The A-44G change is responsible for the moderate improvement of exon 7 splicing in SMN1 C6T
To explore which nucleotide difference(s) between SMN1 C6T and SMN2 contribute to the improvement in exon 7 splicing, we used the SMN1 C6T minigene to generate all nine possible double mutants (Fig. 2A). Exon 7 splicing of these mutants was examined in transfected HEK293 cells. Interestingly, the double mutant SMN1 C6T/G-44A displayed a similar level of exon 7 inclusion as the SMN2 minigene (Fig. 2A). The exon 7 inclusion percentage of SMN1 C6T/A100G was also significantly decreased, compared to SMN1 C6T (by ∼ 9%). In contrast to these two double mutants, the others displayed very subtle changes that were not statistically significant.
The G-44A transition accounts for the splicing deterioration in SMN2 compared to SMN1 C6T. (A) Screening of double mutations in the SMN1 C6T setting. The second mutation was either G-980A, Ins5nt (5-nt AGGCA insertion at -908), A-849C, G-549A, T-478C, T-255C, G-44A, A100G, or A215G, and was introduced in the parental plasmid, pCI-SMN1 C6T. SMN1, SMN2, SMN1 C6T, and SMN2 T6C were used as controls. Each plasmid was transfected into HEK293 cells, and the effect of each mutation was analyzed. Two mutations resulted in significant splicing suppression: G-44A in intron 6 reduced exon 7 inclusion by ∼20%, and A100G in intron 7 reduced it by 9%. **P < 0.001 versus SMN1 C6T (n = 4). (B) Mutations analyzed in the SMN1 C6T/G-44A setting. Each mutation, including G-980A, Ins5nt, A-849C, G-549A, T-478C, T-255C, A100G, and A215G was introduced in the parental double-mutant plasmid pCI-SMN1 C6T/G-44A, and analyzed in HEK293 cells.

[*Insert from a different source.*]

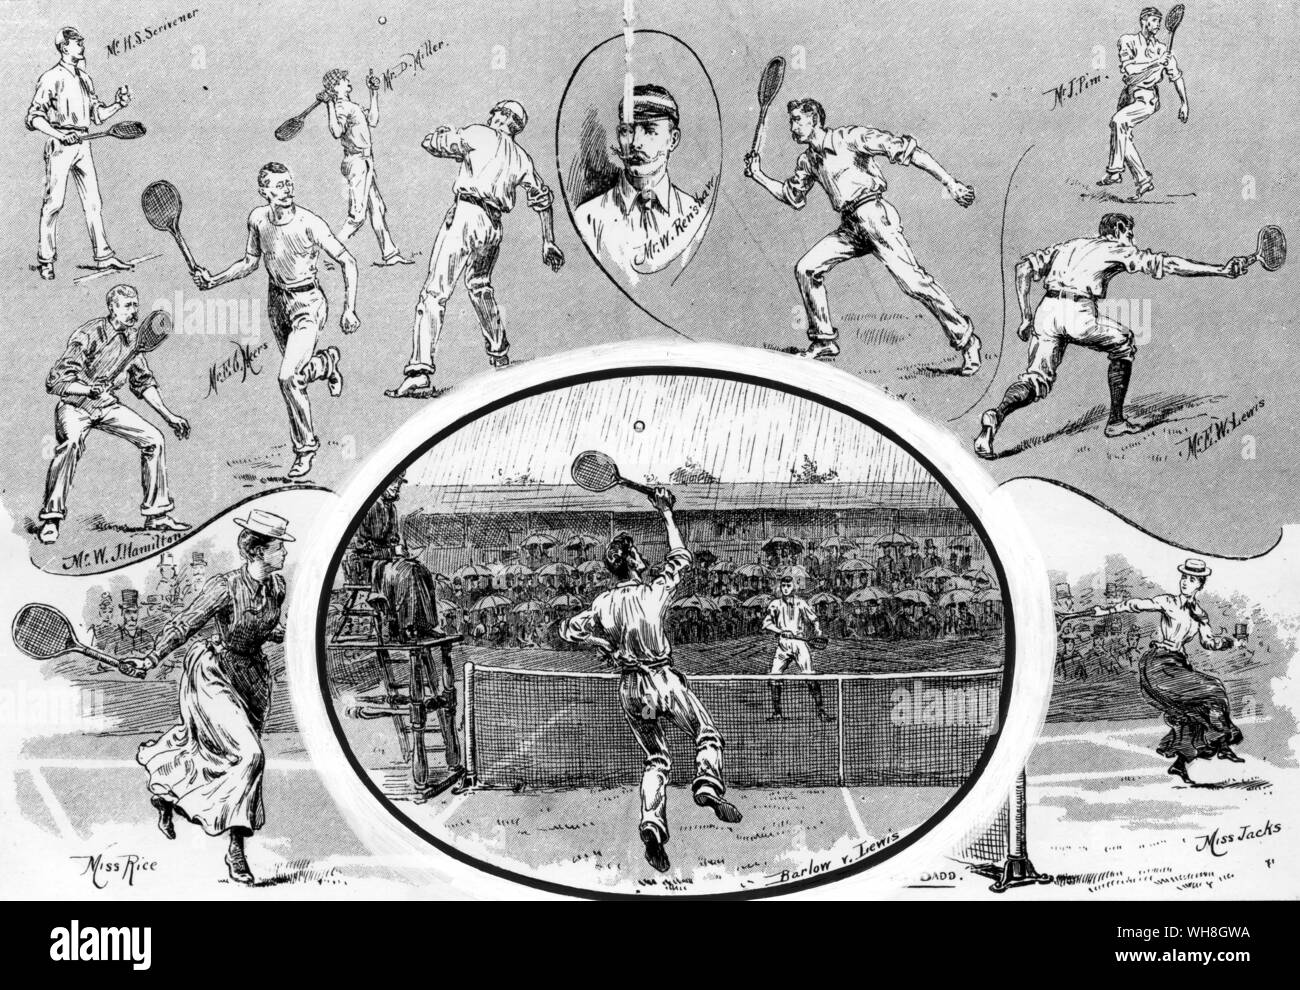 Prato i campionati di tennis a Wimbledon. Il semi-finale tra H S Barlow e E W Lewis nel luglio 1890. L'Enciclopedia del Tennis a pagina 89. Foto Stock

The effect of A100G was weaker than in the double-mutant context (Panel A), but there was a significant reduction in exon 7 inclusion (∼3%). On the other hand, some mutations, such as G-980A and G-549A, which had no effect in the double-mutant context, significantly improved splicing in the triple-mutant context (4–5% increase in exon 7 inclusion). *P < 0.01 versus parental SMN1 C6T/G-44A (n = 5). (C) SMN1 C6T and SMN1 C6T/G-44A (+G-44A) mutants were analyzed in five different cell types, including neural cells: HEK293, HeLa, COS1, NSC34, and SH-SY5Y. The splicing patterns in all cell types are consistent with a 15–20% decrease in exon 7 inclusion caused by the G-44A substitution. **P < 0.001 versus SMN1 C6T (n = 4).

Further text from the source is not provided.